(WORK REQUEST) Every line below between the line holding "Lenovo Thinkpad 40A2" and the line holding "Brimnes Cadre Lit", inclusive, should be repeated exactly, and all other lines omitted.

(THE DATA)
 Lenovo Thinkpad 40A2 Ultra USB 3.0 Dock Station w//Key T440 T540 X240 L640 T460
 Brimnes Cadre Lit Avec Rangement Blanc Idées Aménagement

...

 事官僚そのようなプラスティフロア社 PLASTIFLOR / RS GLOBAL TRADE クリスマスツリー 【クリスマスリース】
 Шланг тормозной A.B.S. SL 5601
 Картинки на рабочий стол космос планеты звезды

* * *

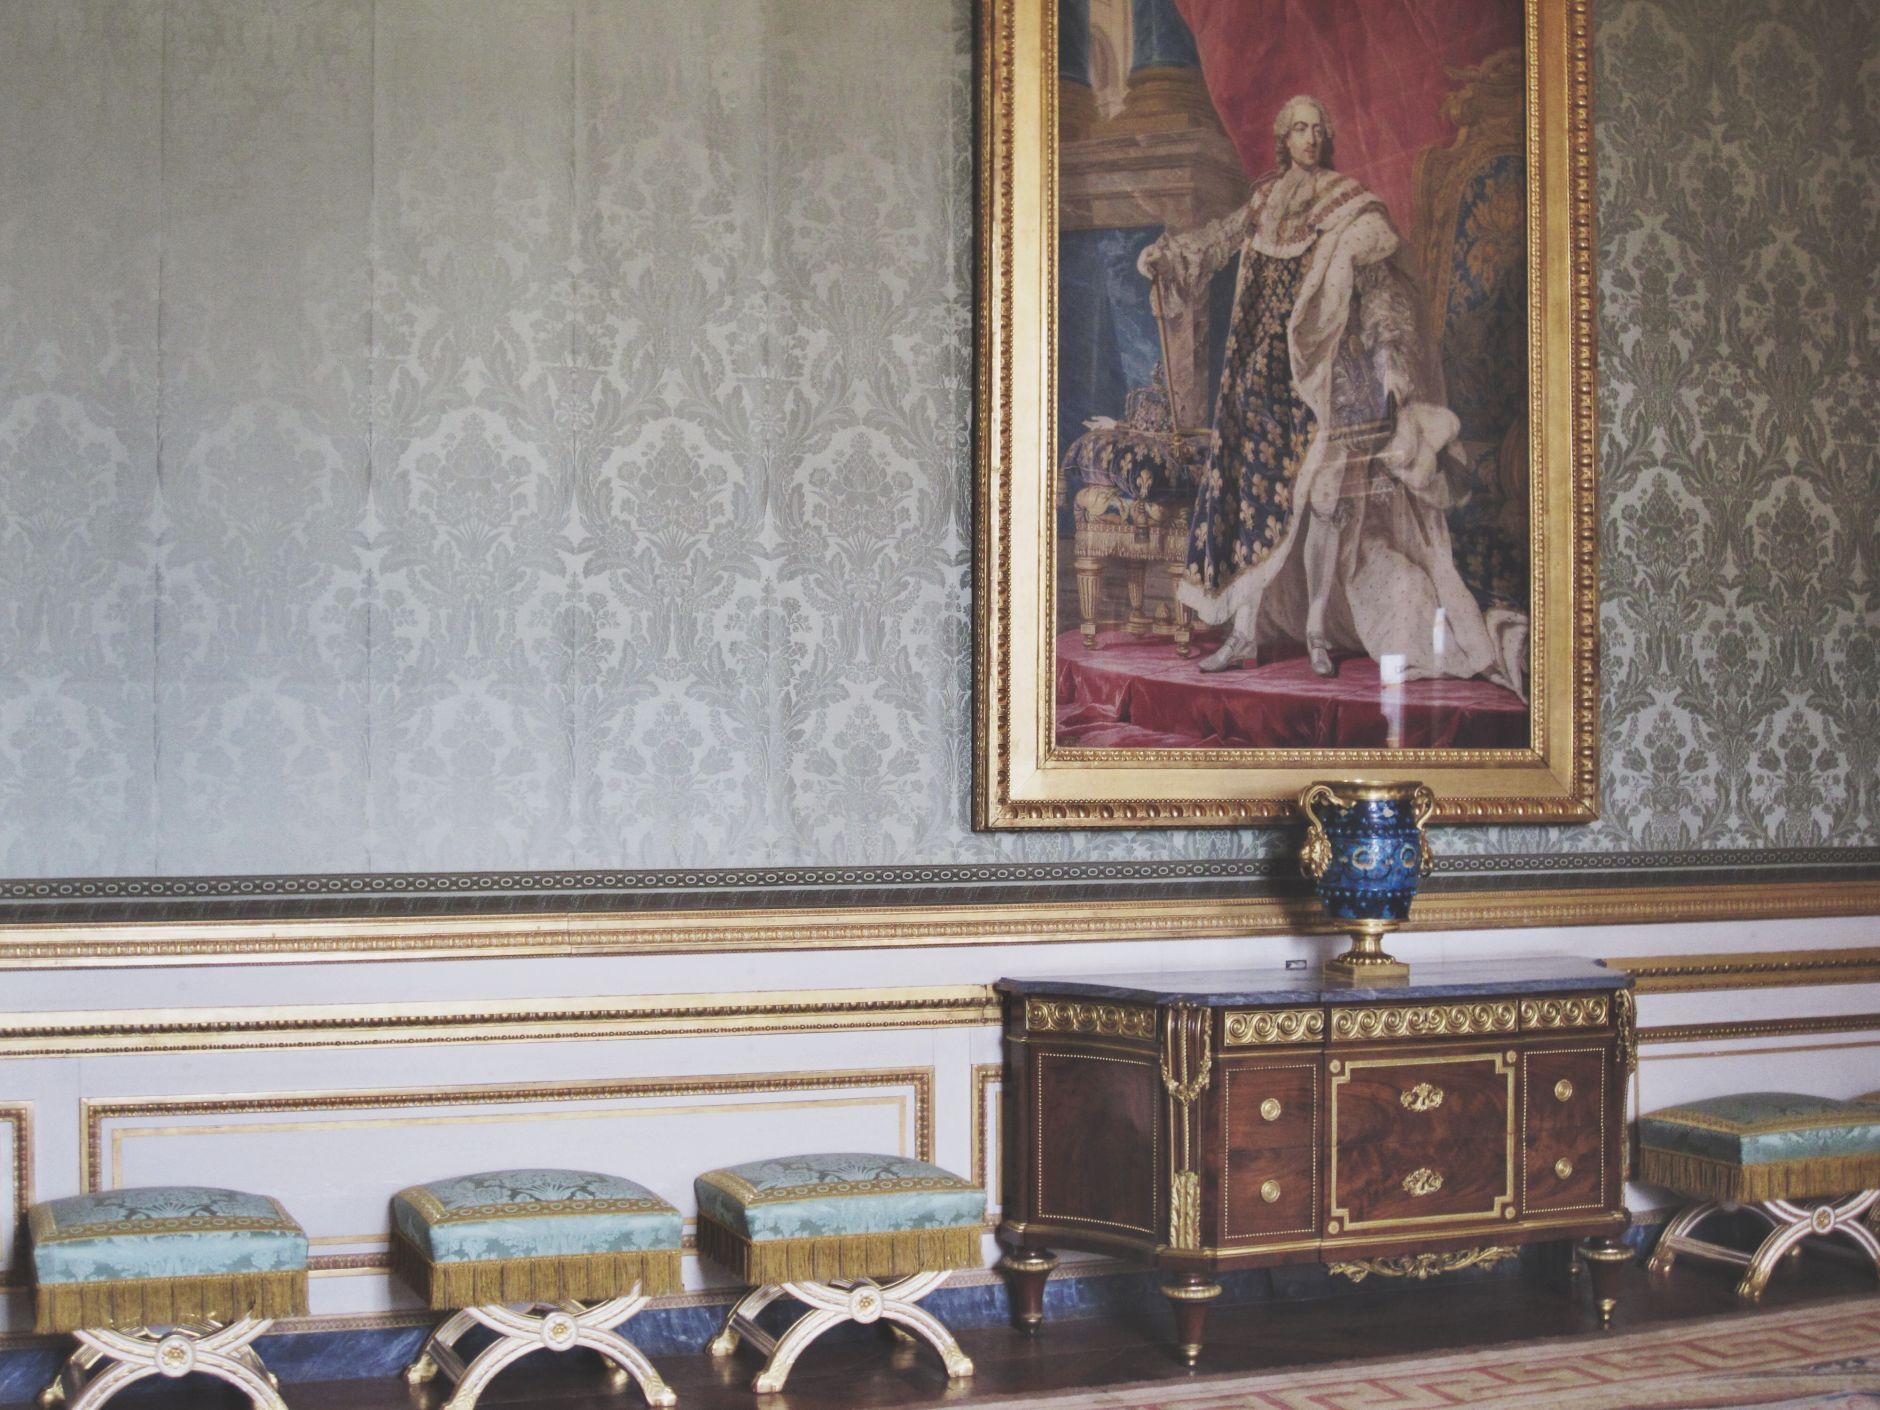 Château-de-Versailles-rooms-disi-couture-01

(RESPONSE TO THIS EXERCISE)
 Lenovo Thinkpad 40A2 Ultra USB 3.0 Dock Station w//Key T440 T540 X240 L640 T460
 Brimnes Cadre Lit Avec Rangement Blanc Idées Aménagement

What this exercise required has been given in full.